Exposure was set to f/3.5 in Aperture Priority automatic, which allowed for the background to be slightly out of focus, letting the subject pop out of the background. The shutter speed is 1/250 sec., which stopped his movement.

Having the camera already set makes it easy to capture far more beautiful light when the sun pops out unexpectedly, like it did a few minutes later. Notice in 2-4 that the foreground is dark, meaning that he is in the sun, but just outside of the shade in front of him. The only difference in the settings between the two images was that the aperture was set to f/4 in 2-4 as opposed to f/3.5 in 2-3 in order to get slightly more depth of field with the lens zoomed to a longer telephoto.

The exposure in this image was f/4 at 1/750 sec. Using Aperture Priority allows you to control the depth of field, quickly maintaining the correct exposure by letting the camera determine the shutter speed.

When shooting candid photographs it also is very important to recognize the importance of the moment that you are photographing and be ready to capture it. Legendary Photographer Henri Cartier-Bresson called this “the decisive moment.”

Now that you have looked at so many lighting situations, you should be able to read what the light is doing and already have in mind what you and the camera should be doing to capture the light as needed to create your image.

In creating more of an environmental portrait, waiting for the moment, and waiting for the lighting at that moment is just as important. When the subject just sits comfortably in a favorite chair and the light from a large picture window lights up the subject’s face, don’t hesitate for one moment. In trying to capture people’s nature and their essences, it is important that they are comfortable. This is far more important than making sure that the subjects have big smiles.

Being comfortable with the camera allows you to work quickly so that the subject doesn’t lose interest or the look that first captivated you. In 2-5, using a thumb switch to quickly access the spot meter in order to capture the delightful window light on this subject’s face happens in a snap. The result tells a far bigger story of who this man is than if he were posed and directed.

A spot meter determined that an exposure of 1/40 sec at f/4 was correct to capture the light on this subject’s face. The texture of the face, hands, and shirt is a result of light from a big window.

Using the different exposure modes, Aperture Priority, Shutter Priority, Program, or Manual has a lot to do with personal preference and how things work best for you in each situation. Each exposure mode has its own advantages and disadvantages. No matter which one you select, make sure that you monitor what choices the camera is making as it corresponds with the decisions that you make. If you use Aperture Priority, make certain that you still have a fast enough shutter speed to stop your action, and if you use Shutter Priority, make certain that you have the depth of field that you need.

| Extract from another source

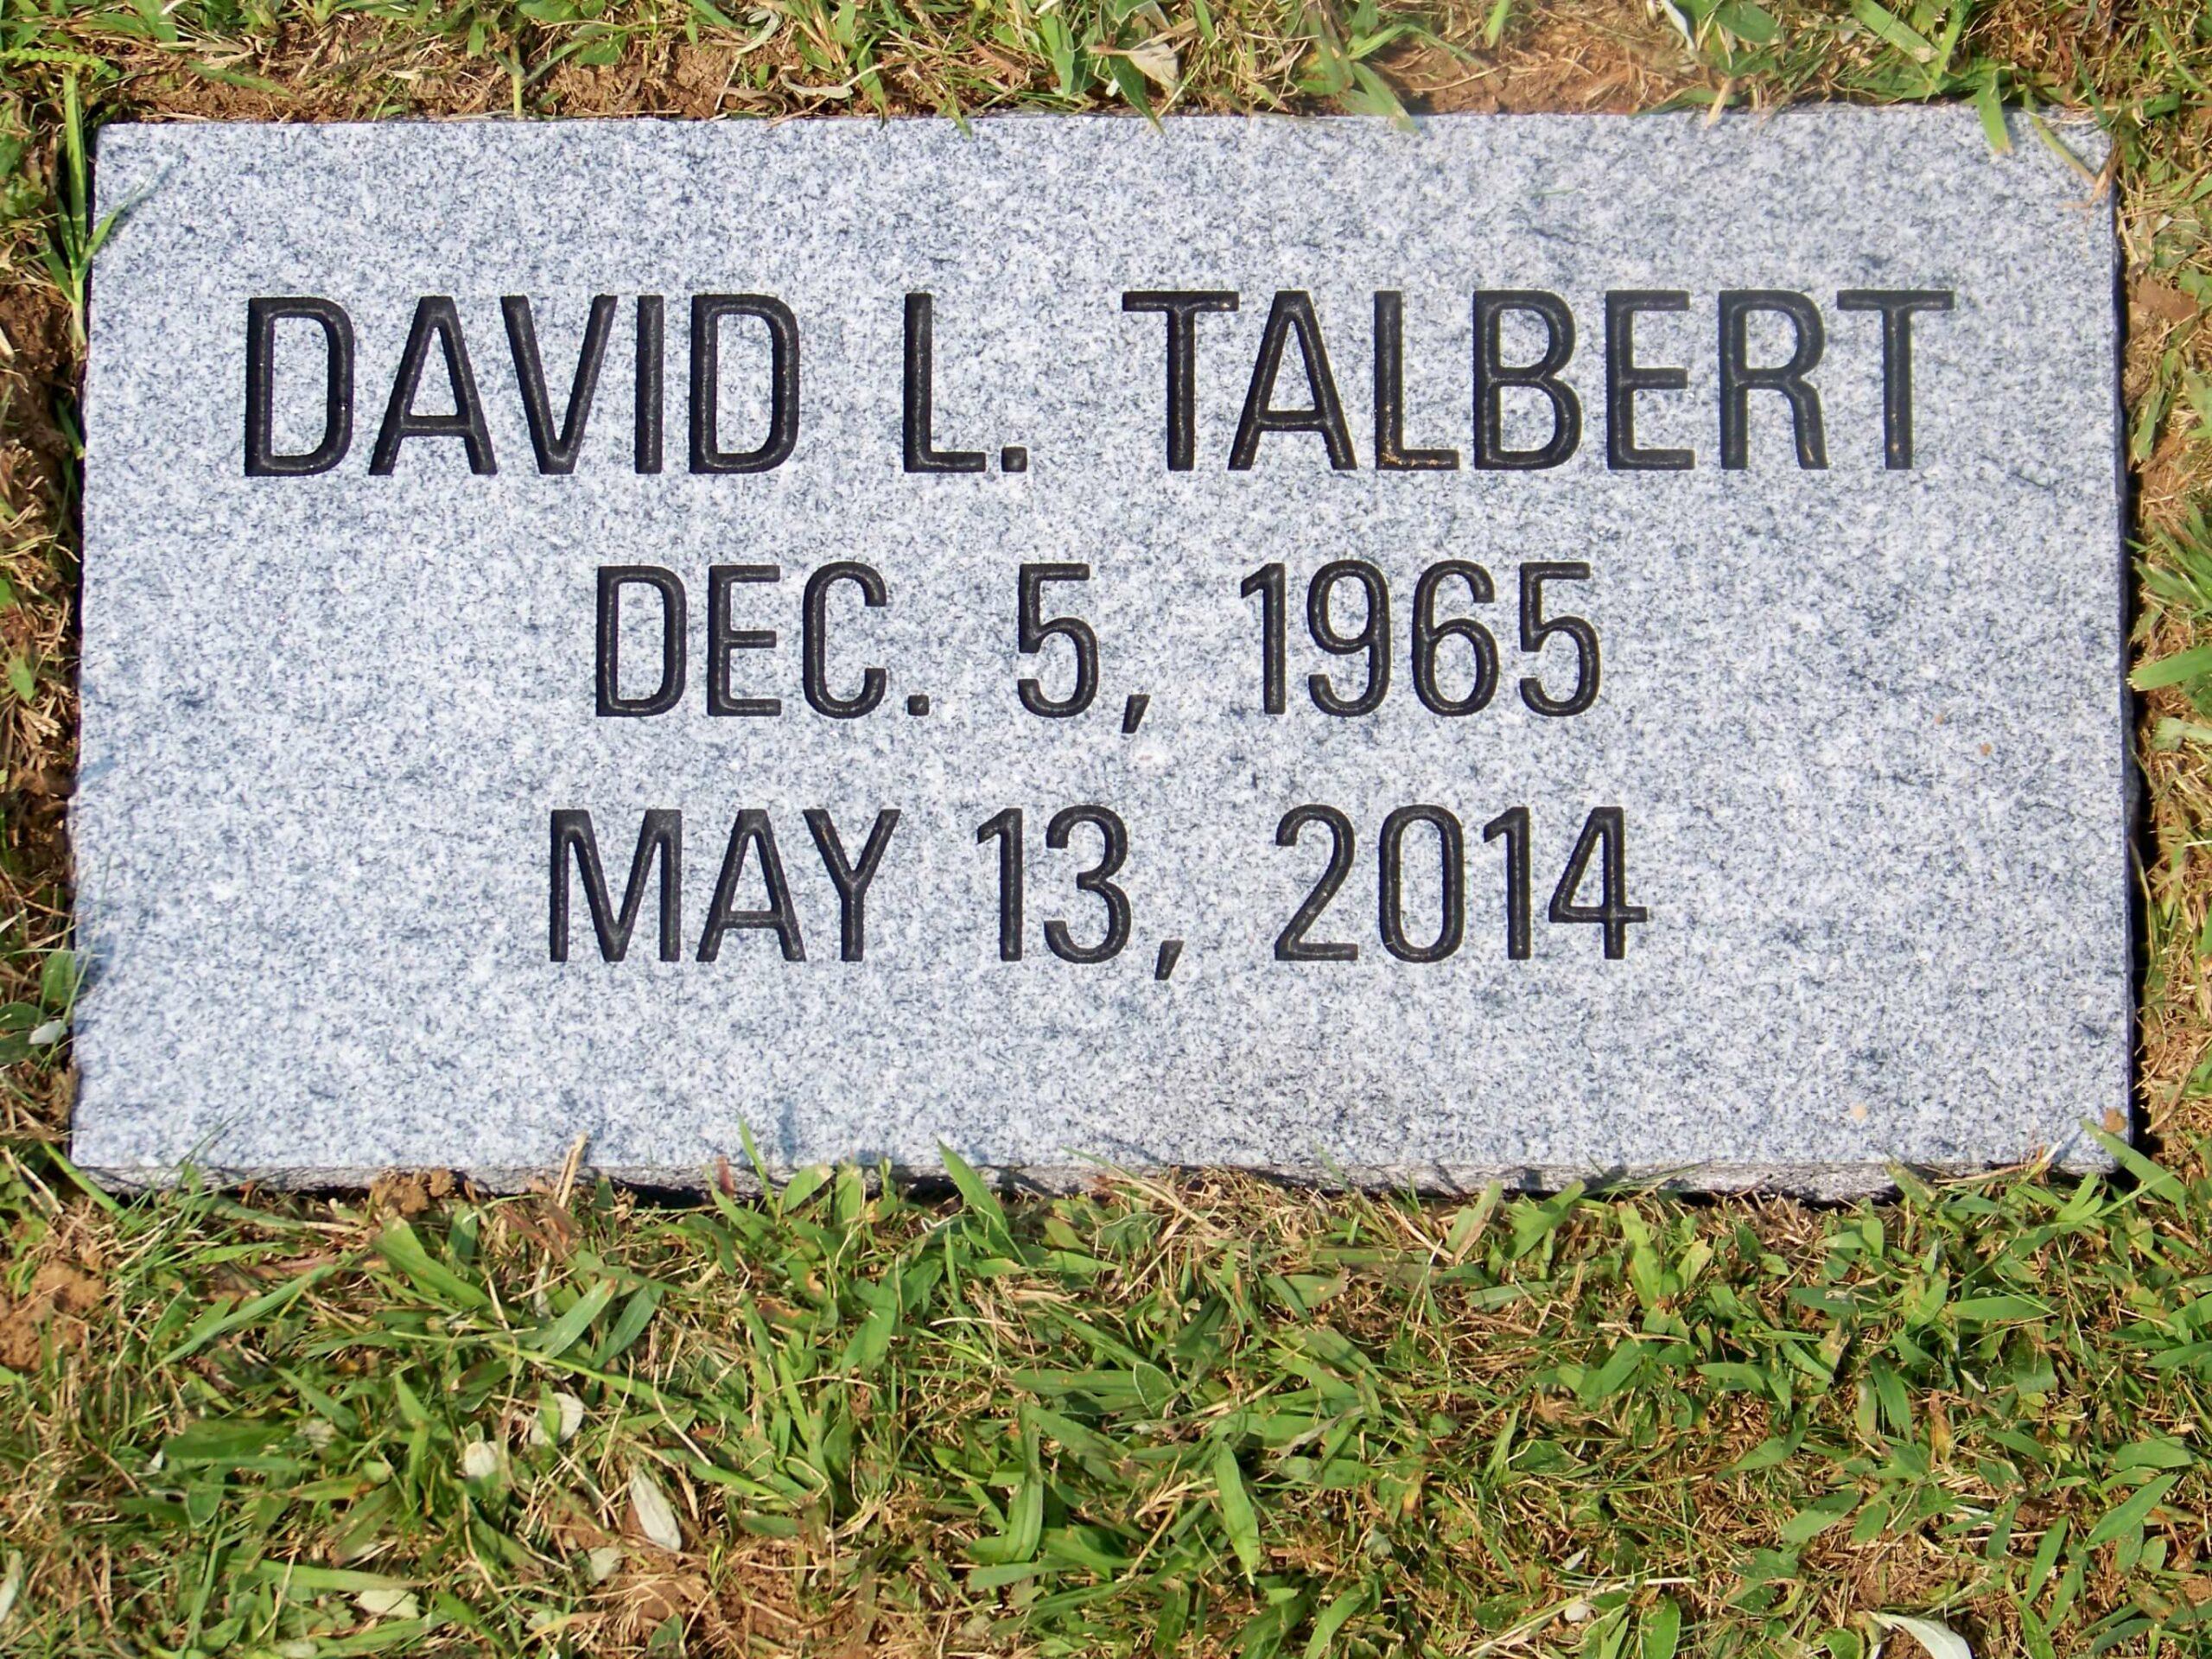 Talbert, David - Greenwood Byesville

When shooting people, the situation is often dynamic. A very posed portrait quickly becomes a great candid look at a couple as they react to their kids hamming it up in 2-6. Being able to keep your eye in the viewfinder to capture priceless moments that can never be reposed is a great skill to develop.

The exposure for this image was set to 1/125 sec. at f/4, using ISO 400. The meter reading was taken with the center-weighted meter set to Manual exposure mode.

When the focus of the image is a person, capturing even just part of the face can be an effective way to get a sense of the essence of the subject. Using a telephoto lens helps to limit the depth of field. In 2-7, the background becomes totally obscured. The telephoto lens in this case was a 200mm, and the lens along with the aperture of f/2.8 keeps the depth of field very shallow.

This is useful when the subject is against a distracting background and keeps the distractions to just background shapes. This shallow depth of field situation is particularly demanding on the focus, so make sure that your focus is locked on and that you refocus the camera often when shooting that tightly. Any camera or subject movement could result in out-of-focus images.

With the brim of his hat blocking quite a bit of light from his face, it was important to set the exposure correctly. This exposure was 1/250 sec. at f/2.8 with the exposure compensation set to +1/2.

The same situation crops up with kids even more frequently. Shooting children is challenge enough, but they also work against photographers by being happiest where there is the most clutter. By getting a child close to a window to create nice, soft light and then using a shallow depth of field and a telephoto lens to eliminate any clutter, you can create great images of kids, as in 2-8.

A large window on the shady side of the house makes for great soft light, and getting tight with a telephoto lens eliminates distractions. 105mm Nikon Macro with an exposure ISO 200 at 1/250 sec., f/3.2.


Working With Groups

When lighting groups, you face a number of challenges. Photos of one person can use very shallow depth of field, but even one other person can change the amount of depth of field necessary for an image. Furthermore, getting good light on everyone in the group is always a challenge. People can cast shadows on one another if the scene is side-lit, or if in the shade, almost invariably one tiny ray of light is hitting one person, causing him to be washed out while everyone else is properly exposed.

So working with groups can be just as much about location as it is about lighting. Finding the location with even or flat light can be a challenge, but when the groups are large, you need light that covers all the people in the group so that you can see everyone’s face.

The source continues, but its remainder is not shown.